皎洁的月光透过落地窗洒落在地板上,整个房间皆是由黑白灰组成的简约风格,莫名令人觉得压抑。
唯独电脑桌前,一个坐在云朵上的粉色小猪安静坐在上面。
如果季闻清此刻醒来的话,他就会想起,这是初二那年他随手送给贺单的小礼物。
但此刻的季闻清,只觉得身上像是怀揣着一个小火炉,身体从未如此温暖过,甚至热得他有点头晕。
无论什么季节,他手脚总是冰凉的,所以彼时十分不适应,迫切想要寻找能使自己降温的东西。
可身体又累又重,连动一根手指的力气都没有,季闻清躺在床上下意识叫了最熟悉的名字——
“顾烨……”
房间里死一般的寂静,半晌,才听见咔哒一声,断成两半的勺子被丢在桌上。
“再拿个勺子来。”
候在一旁的女佣静默无声退出房间,两分钟后,重新拿来了勺子。
离开时她贴心地将门关上,等到眼前最后的缝隙关闭,她才劫后余生般缓慢吐出一口气。
刚才贺少爷的表情实在太吓人了,也不知道为什么。
即便她来贺宅仅一年,却也是听旁人说了不少事,例如现在躺在房间里的那名少年,大概是叫……季闻清。
不过顾烨又是谁?
*
“Imleavingyouforthelasttimebaby”
“Youthinkyourelovingbutyoudontloveme”
……
一只手挂断了床头柜上的电话。
似是听见熟悉的旋律,躺在床上的人翻了个身。
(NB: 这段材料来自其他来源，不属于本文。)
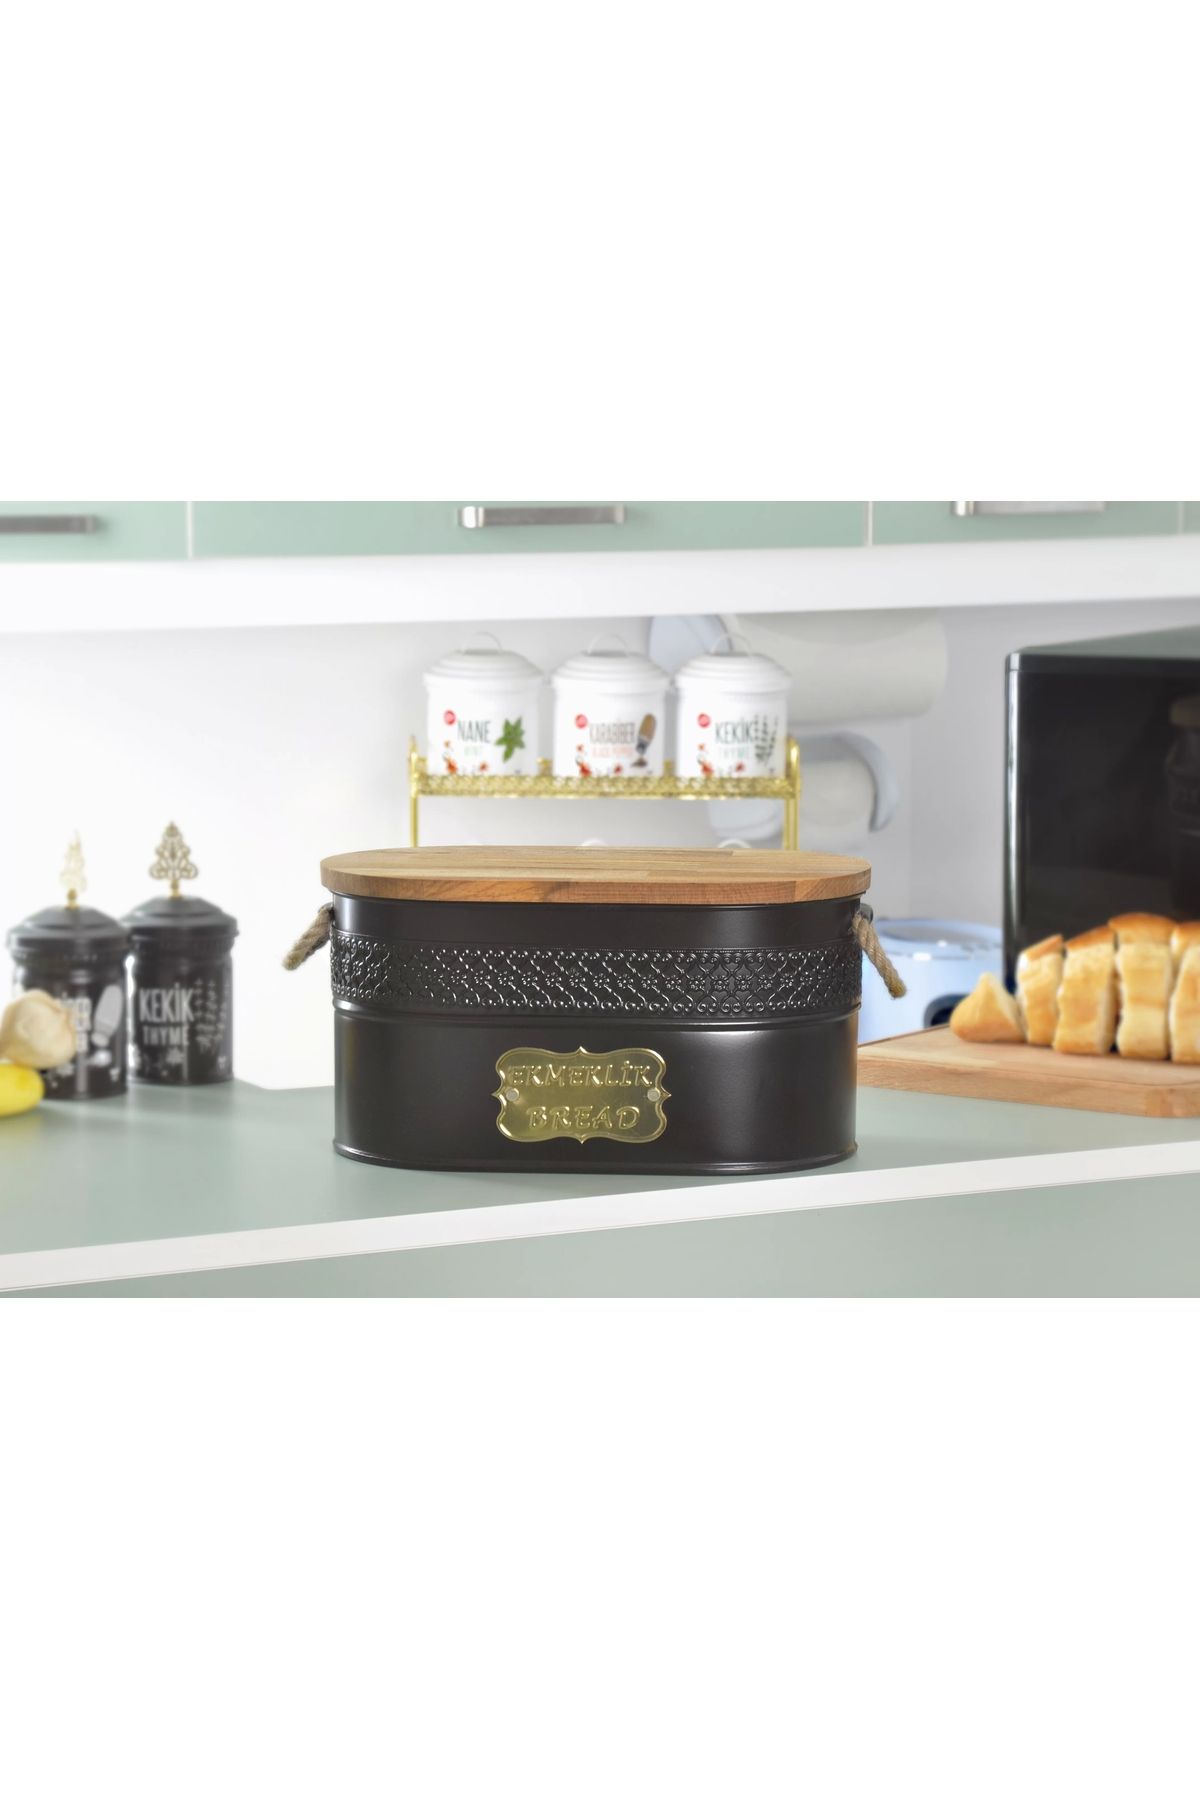 Evistro Metal Ekmeklik Ahşap Kapaklı Hasır Kulplu Ekmek Kutusu Siyah

脸上尚未褪去的红晕从脸蔓延至脖颈,眉目间染着淡淡病态,可怜又破碎。
贺单把来电直接挂断,但并没有放下手机。
熟练的输入密码,一眼就能够看见最上面的信息。
十一点二十三分,比孙尚诚来找他的时候要早,发给顾烨。
就在这时,低沉的女声再次在房间里响起,屏幕上显示出与刚才一样的名字。
没用的废物。
贺单手指一滑,面无表情把电话关了机。
房间重新回到先前的寂静,他夹着手上的退烧药片,来到床边。
床上那人显然还未退烧,小巧的一张脸大半埋进被子里,仅露出一双紧闭泛红的眼睛,轻蹙着眉,似难受极了。
贺单直接将人捞起揽进怀里,尚且不怎么清醒的人眼睫抖了抖,猫一样下意识抓着他的衣襟。
抱着人往上颠了颠,使得对方完全坐在他大腿上,依靠着他。
可即便这样,贺单也感觉不到什么重量。
指尖一寸寸划过季闻清后背快要刺破皮肉、轮廓分明的脊椎骨,贺单眉间一皱,太瘦了。
他抬起埋在怀里的那张脸,视线一寸寸从对方眼下的痣开始扫过,直至落在有些失去血色、粉色的唇上。
颇有些强硬的抵开,贺单手上的药片喂了进去。柔软到极致的触感在指尖蔓延,贺单碾着手指,克制住没有再往深处探入。
大概是生病的人都格外脆弱,他从未见过这副模样的季闻清。
明明脸上也无更多表情,却令人莫名觉得十分委屈,长密的眼睫低垂着,眼睑红至眼尾。
贺单将他完全环住,却连拥着人的手都不敢用力,一勺又一勺的喂药过去,这几年攒下的耐心似乎都用在此时。